Yes, indeed … the questions for Dad keep mounting

Once in a while it hits me: I’ve now been alive longer without my dad than with. Because he died in 2001. The more time that passes … the more questions I wish I could ask him.

The quote I posted at the top of this item belongs to Brian Stelter, CNN’s media critic and host of the network’s “Reliable Sources” program. He put this message out via Twitter.

I happen to relate quite directly to what Stelter has noted. I have been alive longer without my own father than I was with him among us. Dad died in 1980. His death came as a stunner to me and the rest of my family.

Dad was just 59 years of age. I was 30 when he died. I will turn 70 near the end of this year. The idea that I have lived 10-plus years longer than Dad did is enough of a mind-blower all by itself.

Dad has crossed my mind every single day since he left us. So has Mom, who died just a little more than four years after Dad.

But as Stelter noted, the more time goes by the more questions have entered my mind. They deal largely with the way Dad lived his life. They pertain to some of the mistakes I saw him make. They tug at my emotions occasionally, eliciting feelings associated with opportunities lost. Hey, I could have asked him so many of those questions, forced him to answer. Perhaps they could have assuaged some of the mystery that surrounded him.

It’s not that Dad was a mysterious man. He was in many ways an open book. He was a bit of a showman.
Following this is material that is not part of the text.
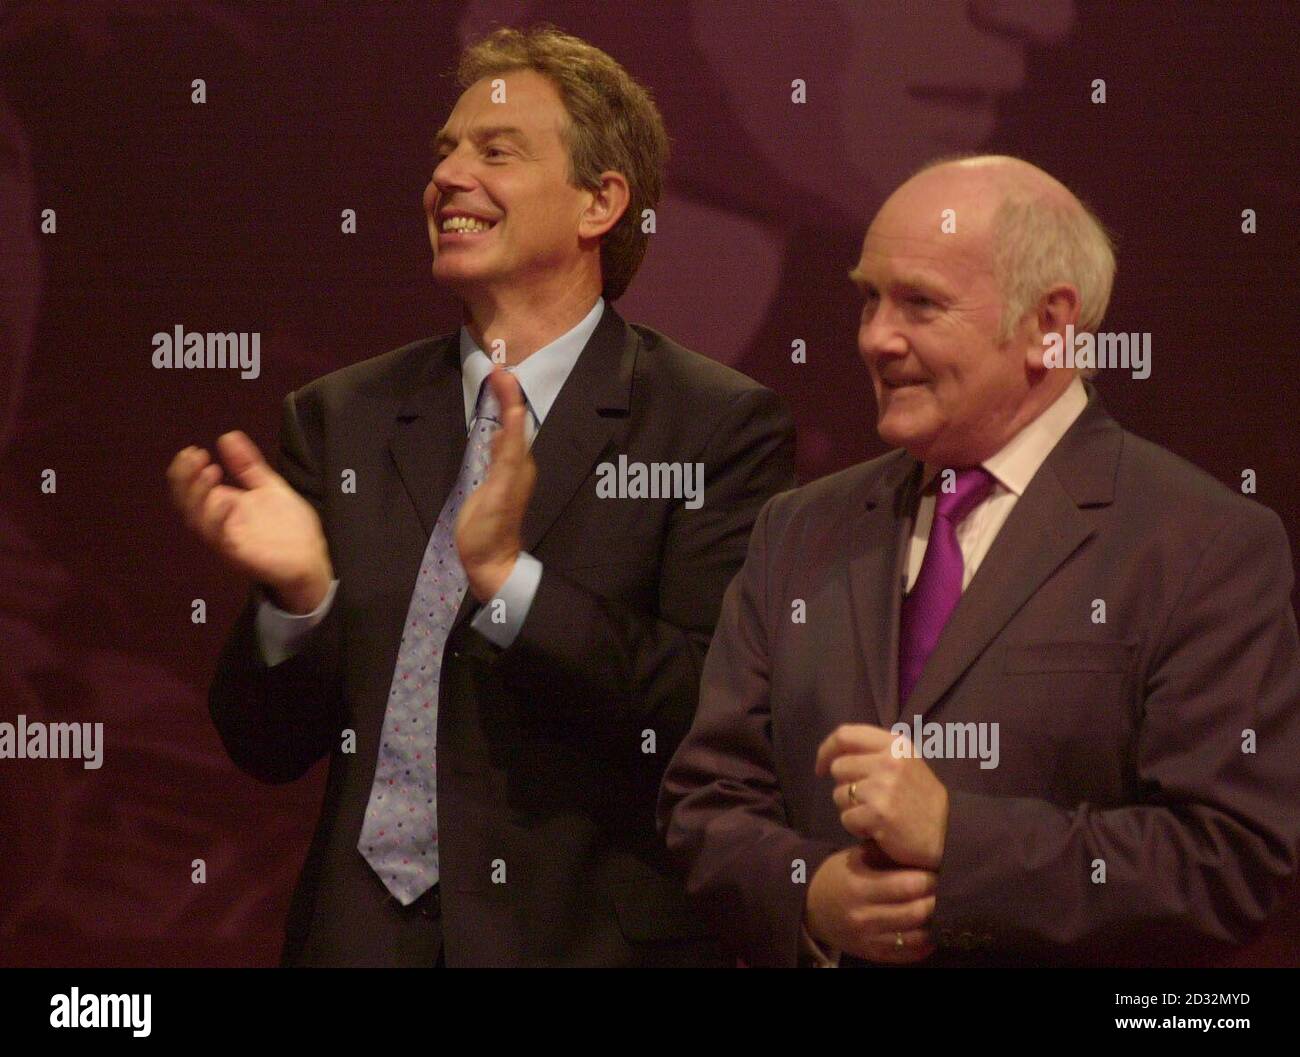 Prime Minister Tony Blair and the Secretary of State for Northern Ireland John Reid applaud the audience at the end of the Labour Party Conference in Blackpool. Stock Photo

Dad enjoyed making people laugh. He could tell a joke with as much flair and panache as anyone I’ve ever known. However, perhaps he intended for that showmanship to overshadow some unknowable emotional discomfort. So I guess the book wasn’t open as widely as it could have been. Thus, the questions I have harbored for many years are coming forward on this Father’s Day.

I miss my father. This day doesn’t sadden me. It does, just as it does for Brian Stelter, fill me with a strange desire for answers to questions that have lingered for most of my life.